Plus de 1 480 participants ont assisté aux 40 séances offertes en six mois. En général, leurs commentaires étaient positifs et similaires. Mais le plus important est que ces séances nous ont permis d'apprendre ceci :

  1. Plus que le travail lui-même, la nocivité d'un milieu de travail et l'oppression des superviseurs rendent difficile le maintien d'une bonne santé mentale.
  2. Les préjugés et le manque de connaissances ou d'expérience sont des obstacles à la nécessité et au désir de parler ouvertement et avec confiance de santé mentale.
  3. La forte réticence de certains à obtenir de l'aide d'autres personnes ou de l'organisation s'explique par la peur des conséquences qui pourraient en découler.
  4. Nous avons de nombreux services et systèmes de soutien efficaces en matière de santé mentale qu'il faut mieux faire connaître afin qu'ils soient plus utilisés.

Les superviseurs doivent être les défenseurs de la santé mentale. Pour soutenir leurs employés, il est important qu'ils aient des connaissances dans le domaine, qu'ils se montrent empathiques et qu'ils s'élèvent contre les fausses croyances ou les stéréotypes négatifs véhiculés à l'endroit de la santé mentale.

Le public s'attend de la police qu'elle assure la sécurité, qu'elle affronte la violence et l'intimidation et qu'elle prenne en charge les situations qui ne sont que terreur et chaos pour les autres.

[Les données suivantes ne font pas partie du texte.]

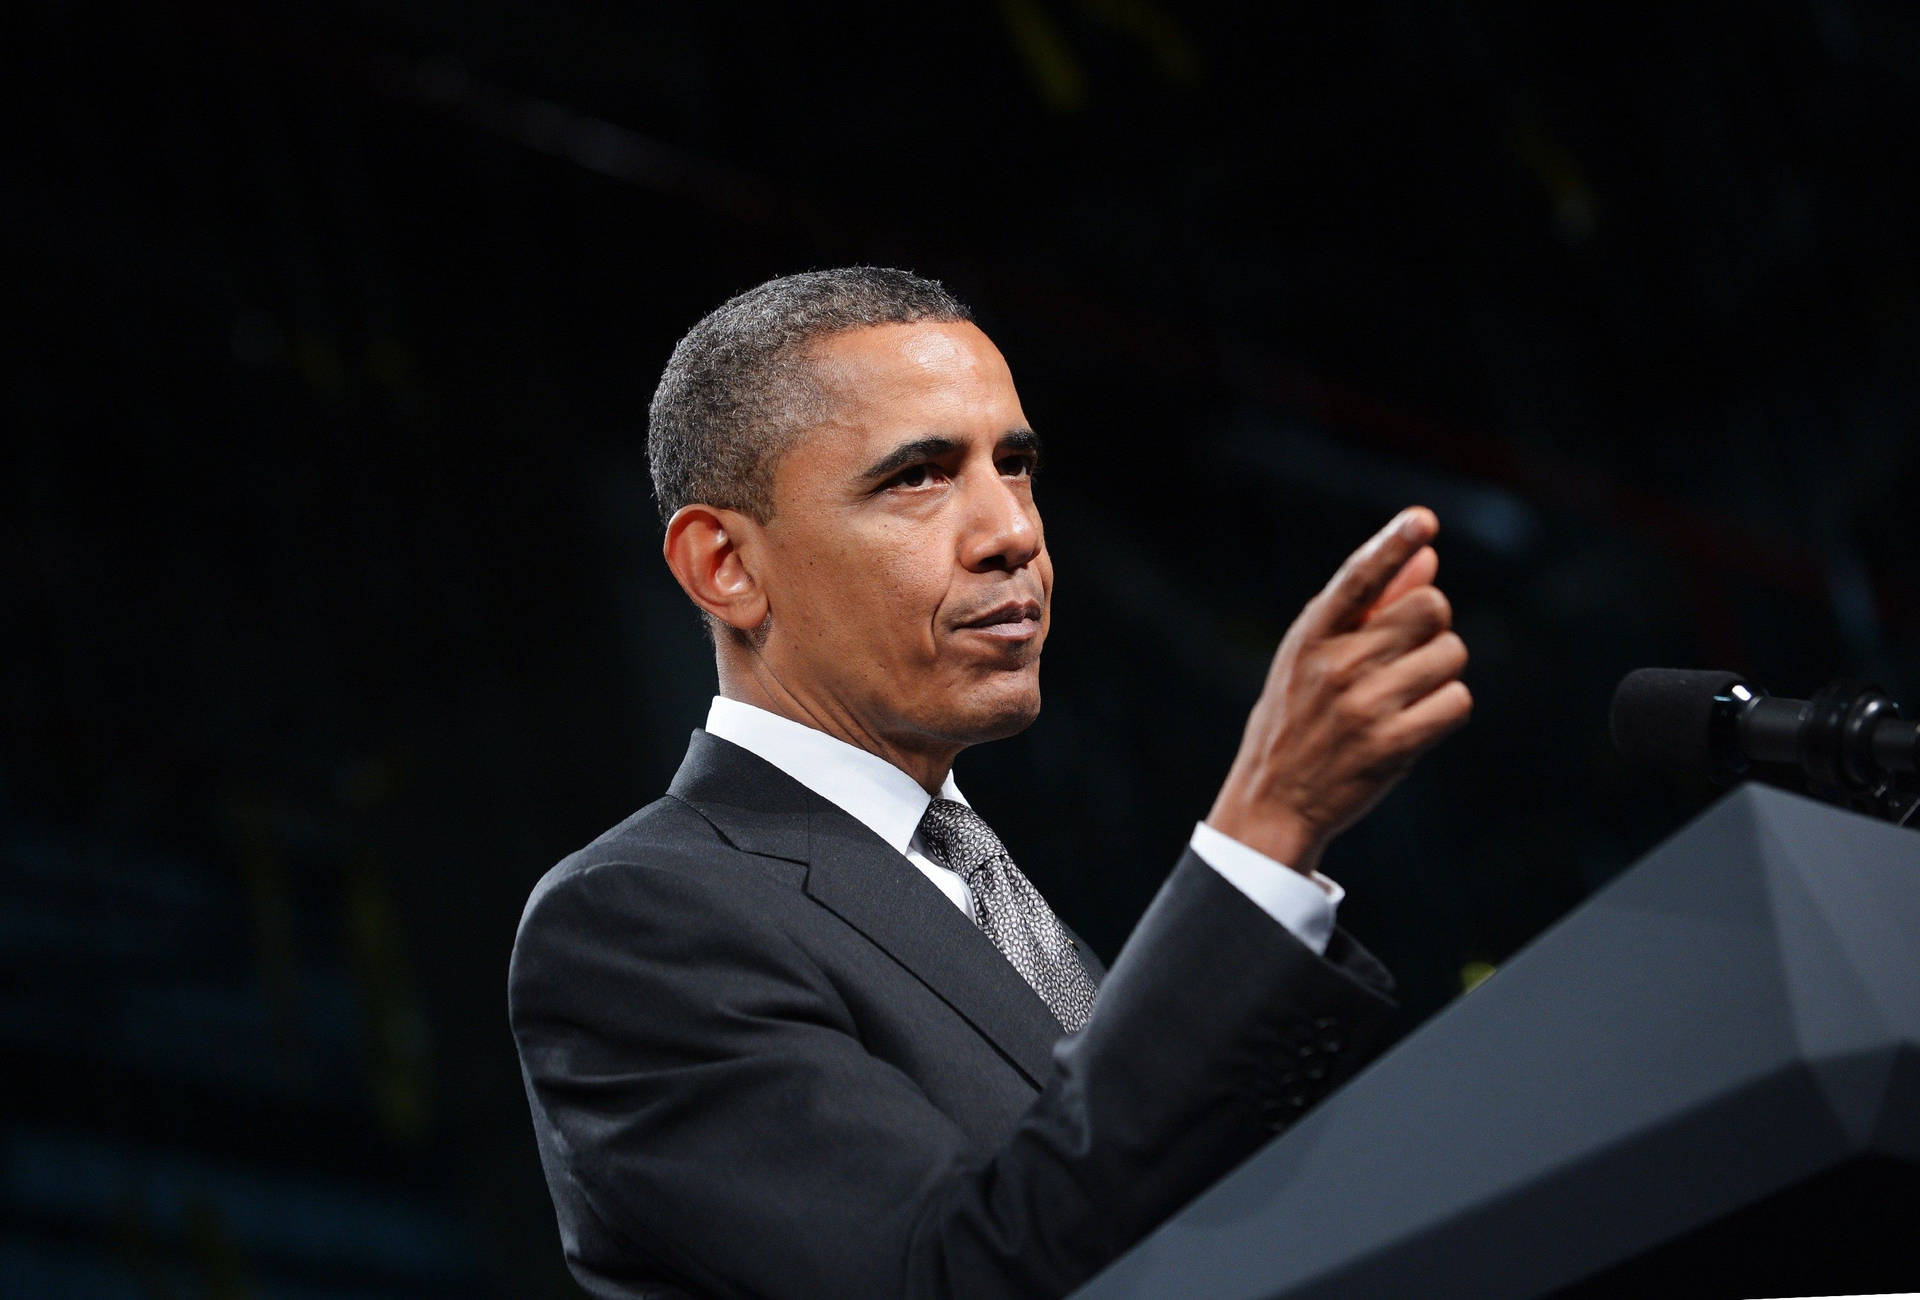 Barack Obama Pointing His Hand
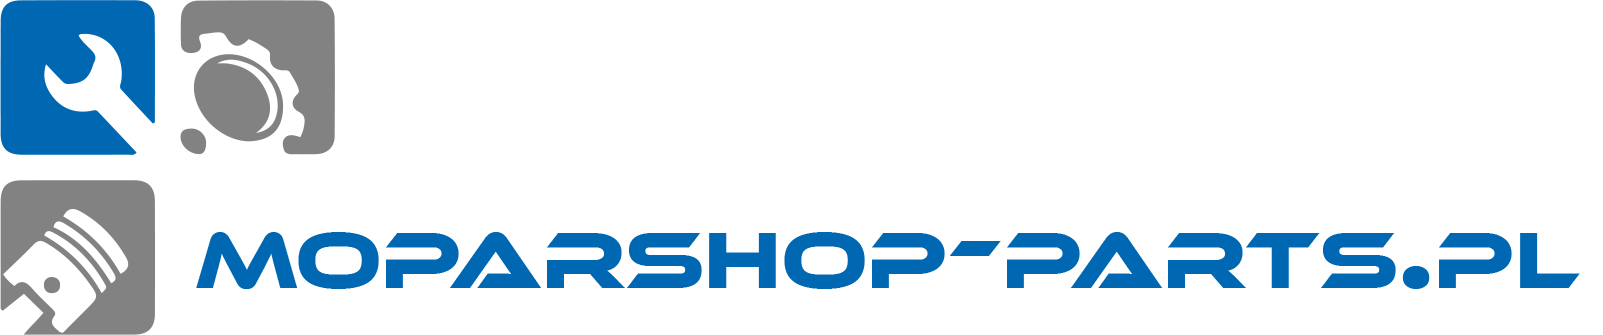 Moparshop_logo_new_2020-PL

Nous apprenons à être forts parce que notre survie sur le terrain en dépend et nous appliquons ce même principe au bureau. Les membres de services de police, employés de soutien y compris, doivent répondre à des normes et à des attentes des plus élevées tout en gérant des exigences conflictuelles.

La force véritable ne réside cependant pas dans le déni ou les apparences d'invincibilité. Elle réside plutôt dans le fait de savoir ce qu'est la santé mentale et ce qu'il faut faire pour en prendre soin, ainsi que dans la capacité de faire preuve d'attention et de respect les uns envers les autres. Celui qui souhaite exceller dans ses fonctions de supervision opérationnelle doit être attentionné et bien informé, et ne doit pas hésiter à parler de santé mentale et à dissiper les préjugés.

Patrick Baillie, Ph. D.

De nos jours, on reconnaît et on accepte beaucoup plus le stress lié au travail policier. Nombre de services de police canadiens estiment nécessaire de surveiller et de soutenir la santé mentale de leurs membres.

Un programme de services psychologiques n'est efficace que si les attitudes changent et que si la culture organisationnelle repose sur des relations positives. Lorsqu'une organisation invite ses membres à recourir à un tel programme, que des fonds suffisants y sont affectés et que les dirigeants clés de l'organisation disent ouvertement que c'est leur volonté d'obtenir de l'aide qui a sauvé leur carrière, leur mariage, leur famille et parfois même leur vie, un tel programme prend alors de l'expansion.

Les services psychologiques (SP) du Service de police de Calgary (SPC) bénéficient du soutien de nombreuses parties, dont l'association des policiers de Calgary, la section opérationnelle des ressources humaines (et santé au travail), des membres chevronnés et les principaux membres de la direction du SPC ainsi que divers clients prêts à témoigner de leur expérience et à encourager le recours aux services.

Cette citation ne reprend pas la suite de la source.